Exercise data:

%%

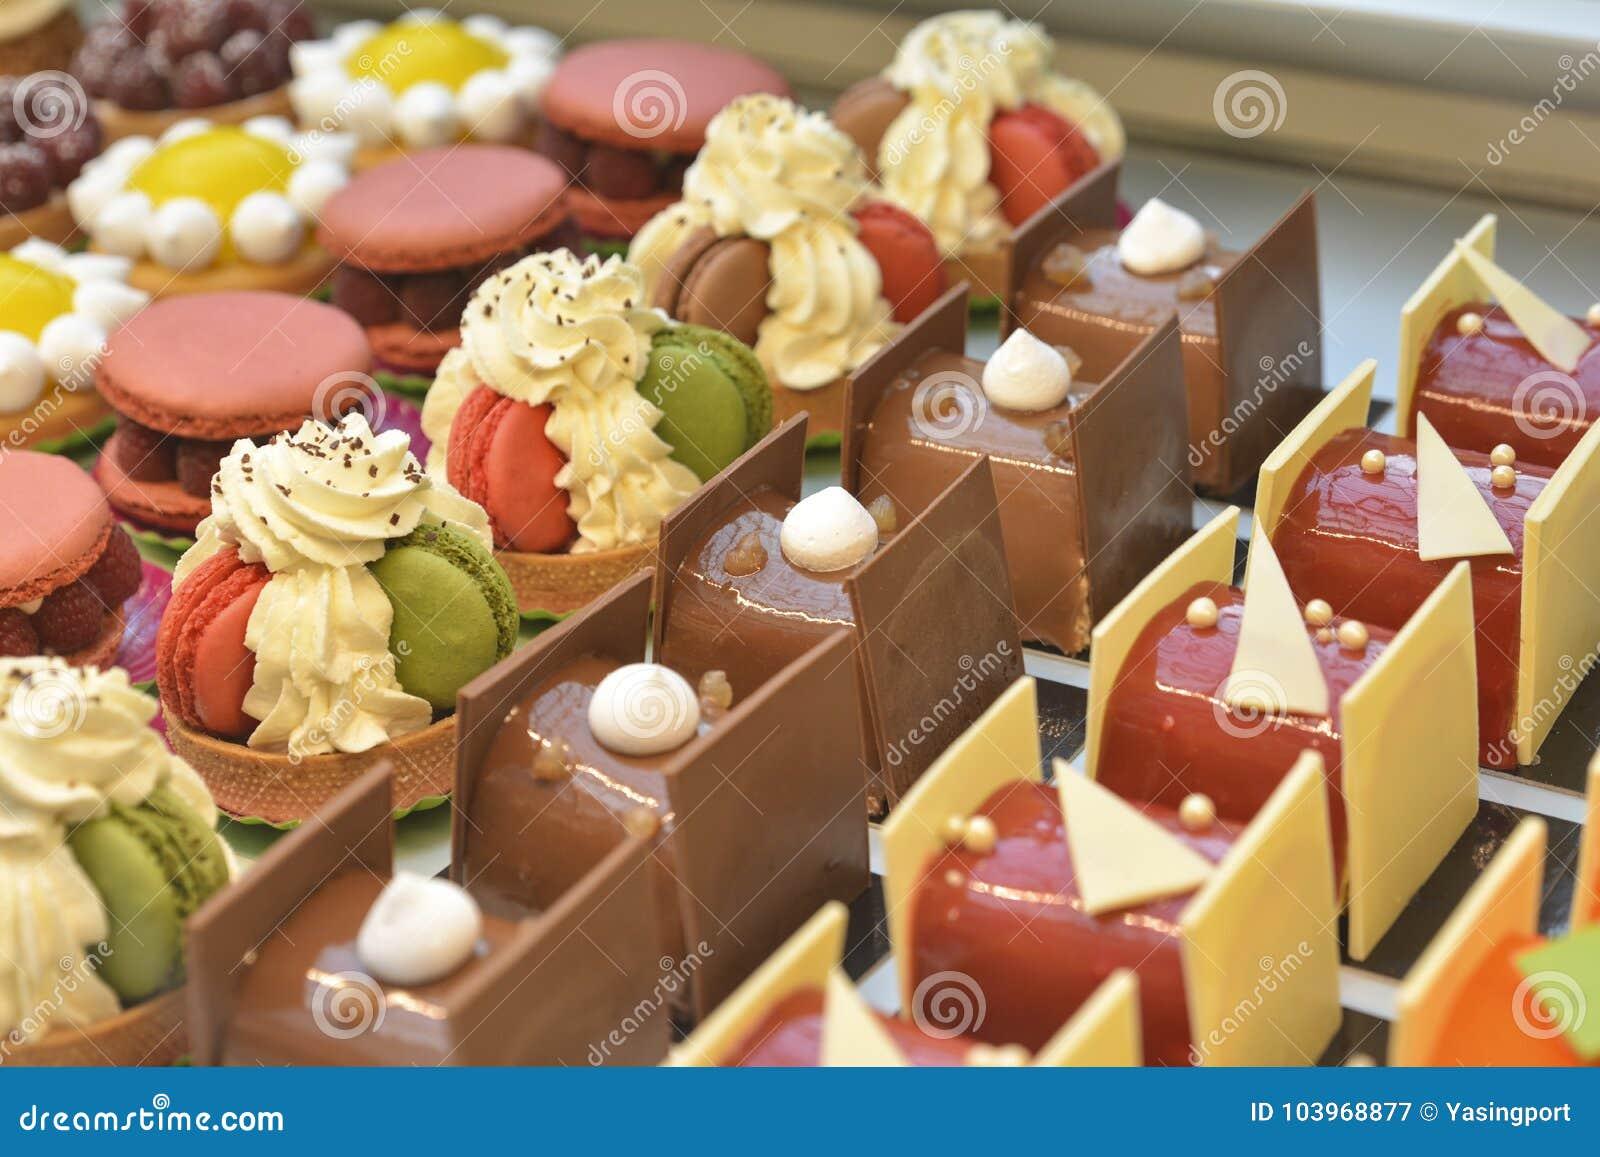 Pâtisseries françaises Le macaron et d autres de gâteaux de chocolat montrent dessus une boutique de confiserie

%%
%%

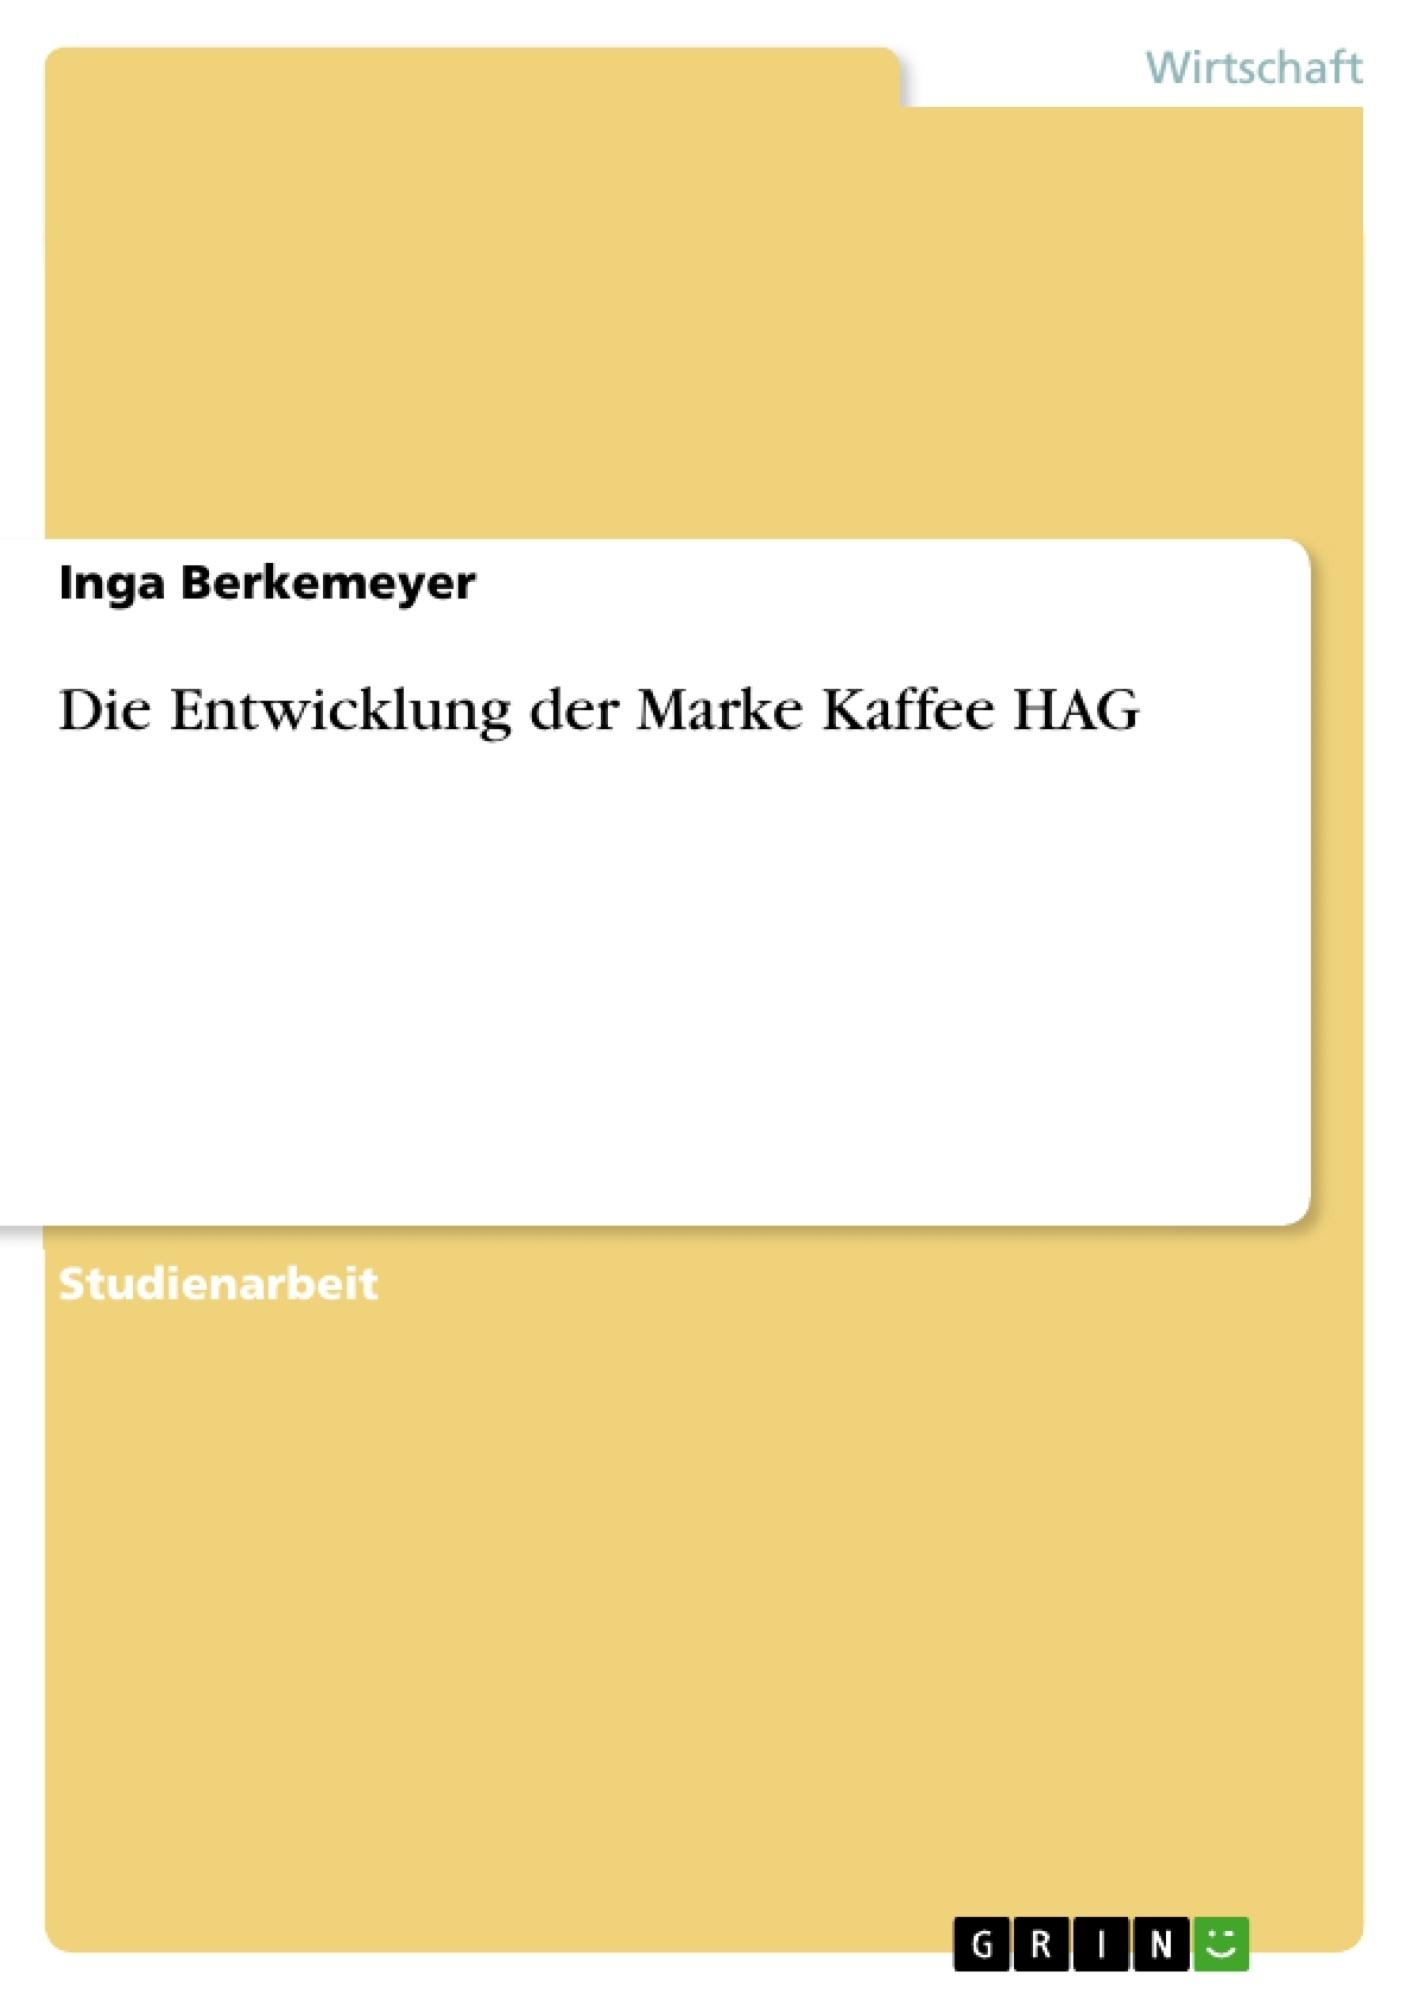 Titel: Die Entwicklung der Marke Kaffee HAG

%%
%%

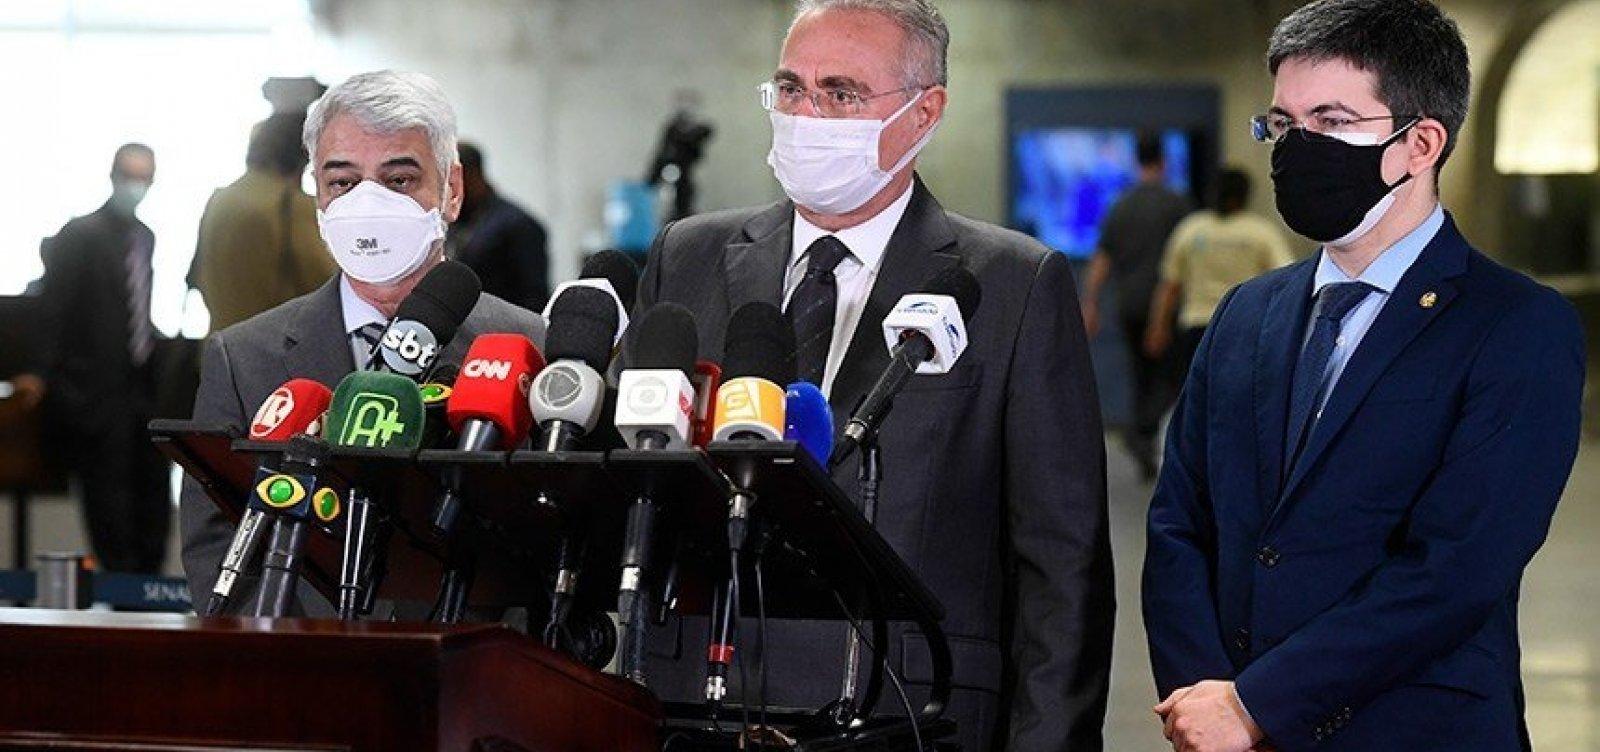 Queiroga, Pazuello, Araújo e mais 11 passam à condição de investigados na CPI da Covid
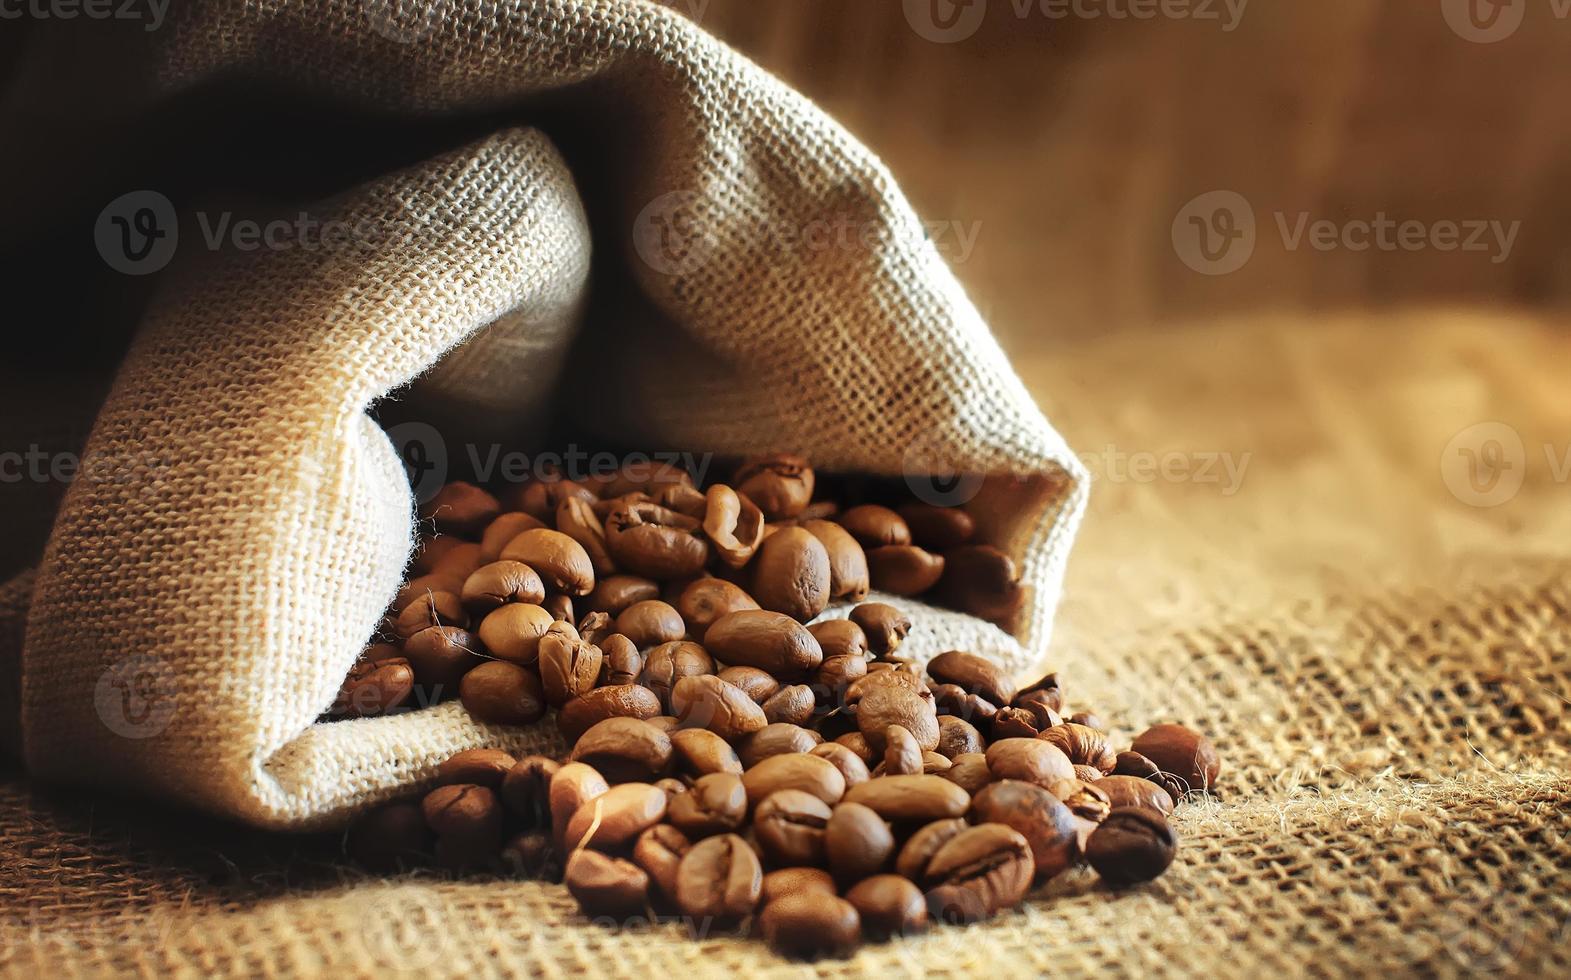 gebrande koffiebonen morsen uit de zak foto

%%

Required work:
Leaving out all pictures, set down exactly the lines of the material above, from the line with "Queiroga, Pazuello, Araújo" to the line with "gebrande koffiebonen morsen uit de zak foto" inclusive, and no others.

Expected answer:
 Queiroga, Pazuello, Araújo e mais 11 passam à condição de investigados na CPI da Covid
 gebrande koffiebonen morsen uit de zak foto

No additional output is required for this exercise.